A clearer understanding of the benefits of post-cancer personalized ctDNA analysis will help patients and physicians weigh the harms. The latter include the expense of the tests (a colon cancer analysis costs $3500 per patient, according to one estimate), not to mention the emotional trauma of learning cancer has returned during a time someone might otherwise be happily going about their life.

The extra or earlier rounds of chemotherapy that come with a positive test can also be damaging. “It’s not insignificant to give a patient who’s asymptomatic a potentially toxic therapy,” says Anne Knisely, a gynecologic oncology researcher at the University of Texas MD Anderson Cancer Center. 

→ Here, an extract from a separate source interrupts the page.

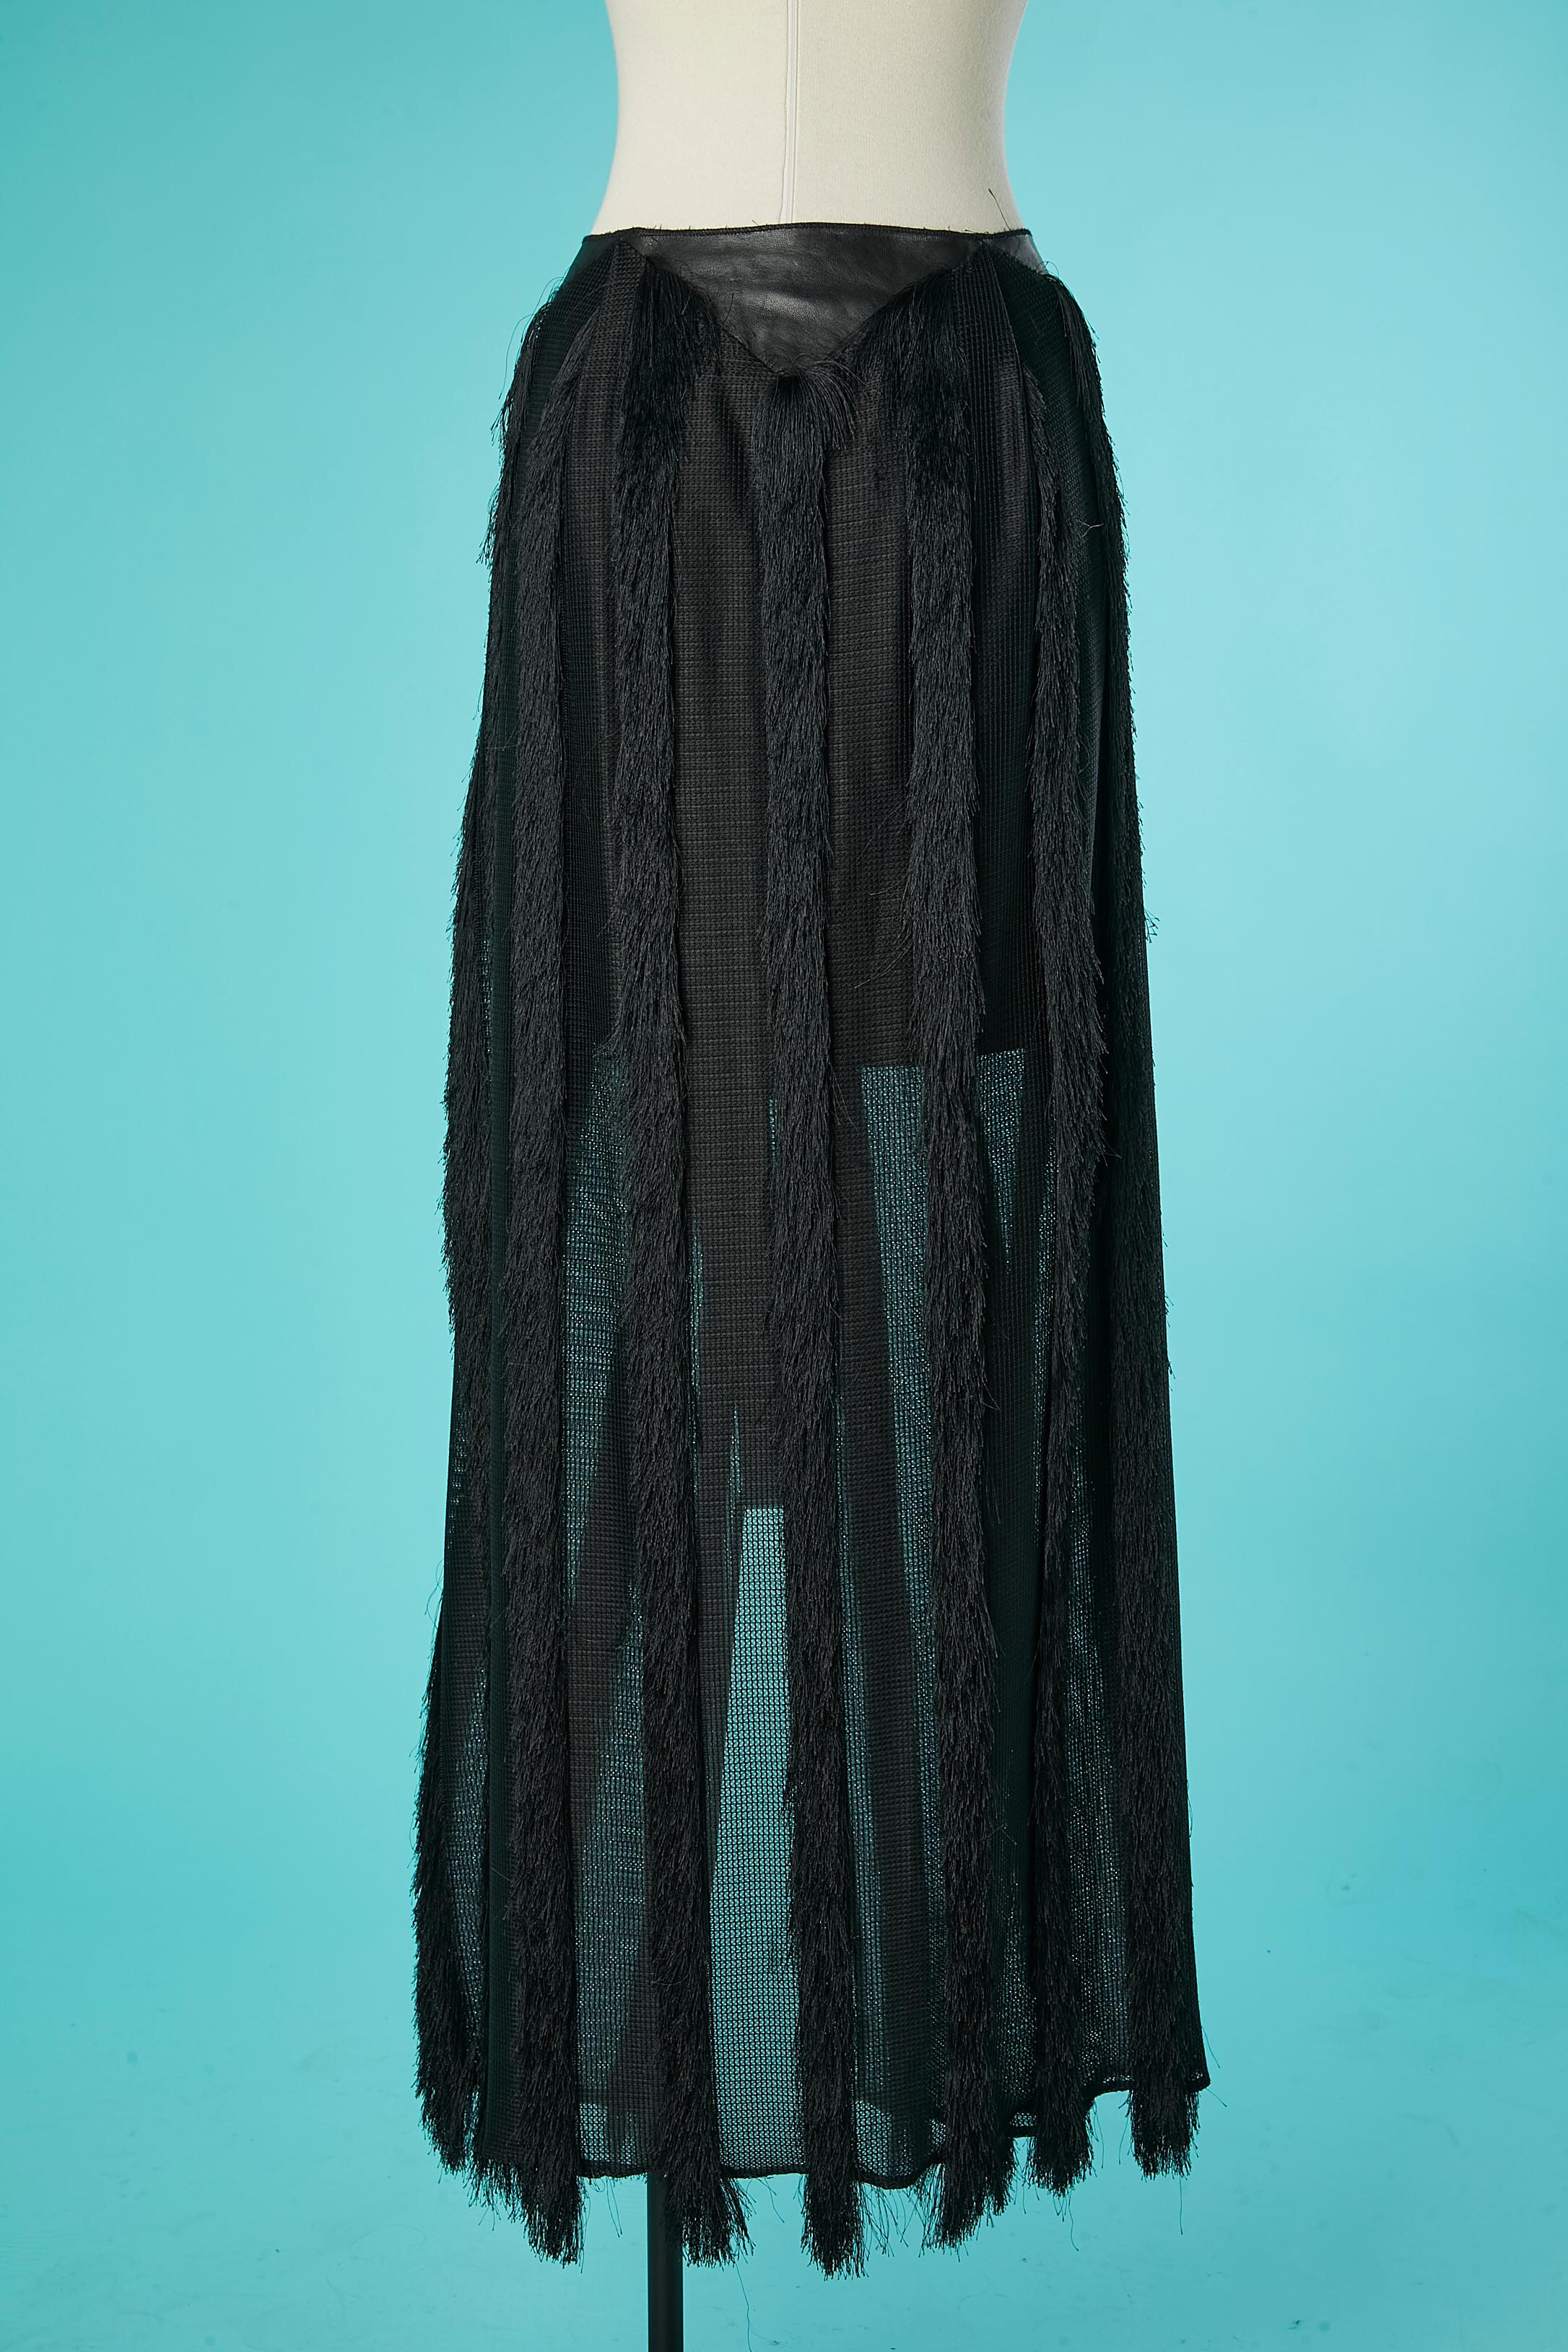 Black long skirt made of leather, soft tulle and threads fringes Augustin Teboul For Sale 1

Knisely’s ongoing study of personalized ctDNA following treatment in women with ovarian cancer confirmed that positive results predict a poor prognosis, she reported at the Society of Gynecologic Oncology meeting in 2024. Knisely hopes that individualizing treatment based on the test’s results may eventually improve ovarian cancer’s abysmal survival rate or at least spare patients from grueling chemo that doesn’t help them. But both are open questions.   

“We need to distinguish between data and useful knowledge,” Welch says. “Before we spend millions—or billions—of dollars regularly checking ctDNA activity, we ought to know whether it really helps people live longer and better.”